市場と分析

需要増が続くSonyのカメラセンサー 。OPPO R9sにはソニーの新型カメラセンサー採用か

10月16日に公開予定のOppoの新しいフラッグシップR9sでは、カメラ機能が強化されF値1.7のレンズと、ソニー製の新型カメラセンサーIMX398が採用されると言われています。

ソニー製の積層型CMOSイメージセンサーは今や一定スペック以上のスマートフォンの多くに搭載されるようになりました。
各製品のページでは、売り文句としてソニーのイメージセンサー名が記載されることが増えていますし、記載がない場合でも、どこのセンサーを使用しているかが記事になることも増えました。

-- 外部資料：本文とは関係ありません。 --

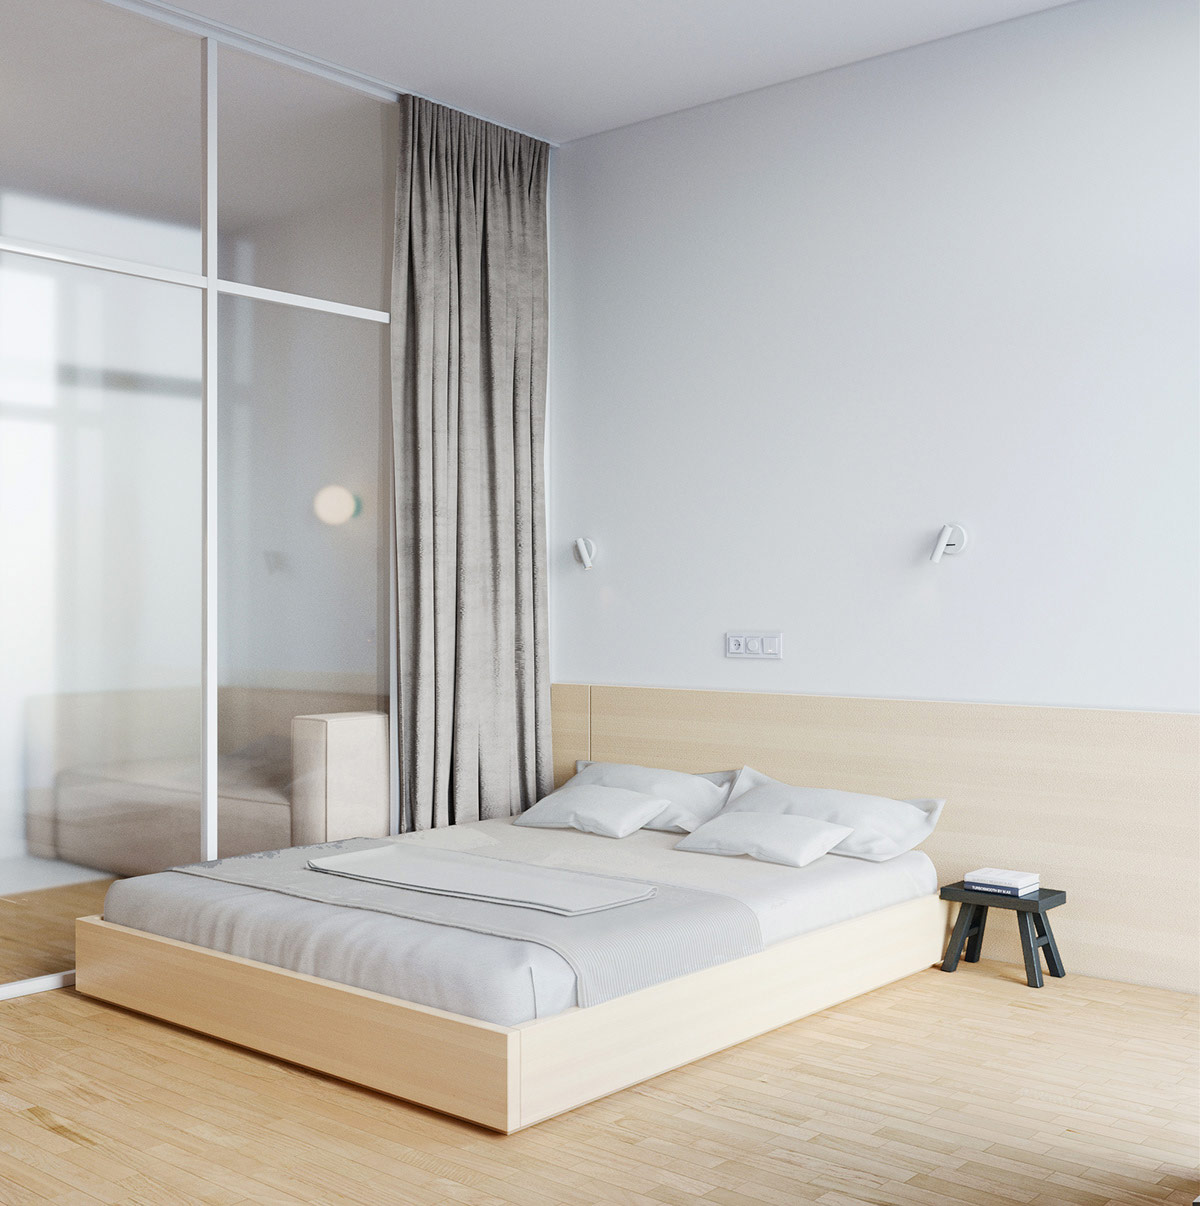 phòng ngủ với giường gỗ, tấm ván gỗ đầu giường, cửa kính trượt, rèm màu xám

特にフラッグシップ級のスマートフォンでは中国を中心にかなりのメーカーがソニー製のセンサーを採用をしています。

Sony IMX298
ここ最近の中国の大手メーカーのフラッグシップで思いつくだけでも、Xiaomi mi5s がIMX378を、OnePlus 3、LeEco Le3 Pro、Vivo Xplay5 EliteがIMX298を、ZTE Nubia がIMX234を採用しています。
また日本でも発売されたばかりのZenFone3 Deluxe ではIMX318、Sony Xperia XZ、Galaxy S7 はIMX300、そしてAppleの iphone7 でも型番不明ながらソニーのカメラセンサーを採用している模様です。

ソニーのカメラセンサーは覇権を握り続けられるか

センサー製造の一大拠点は熊本は菊池町にある熊本テクノロジーセンターです。
ソニーグループのソニーセミコンダクタマニュファクチャリングが経営しているのですが、この工場は、先の熊本地震で大きな被害を受け、先月末にようやく以前の生産量を取り戻したばかり。
現在でも補強工事が続けられているそうですですが、最近の需要増を受けて、月間の生産量70,000枚を、設備の上限の73,000枚へと引き上げることになりました。

スマートフォンの部品としては、一時期、ジャパンディスプレイの液晶が業界の覇権を握っていましたが、AMOLEDのコストがダウンすると、あっという間にSamsungに追い抜かれてしまい経営危機に陥った前例もあります。

ソニーのカメラセンサーも以前はソニーとアップルが顧客の中心でしたが、上記の通り、最近では中国メーカーにも多く出荷するようになり、リスクの分散を図っています。

なにしろ日進月歩のスマートフォン業界ですので、数年後ソニーのカメラセンサーが君臨するのか、それとも別のメーカーが取って代わるのでしょうか。
またソニーのカメラセンサー製造はこの熊本工場を含めて九州地方の比重が高いため、先日の地震や、阿蘇山の噴火など、自然災害のリスクもありそうです。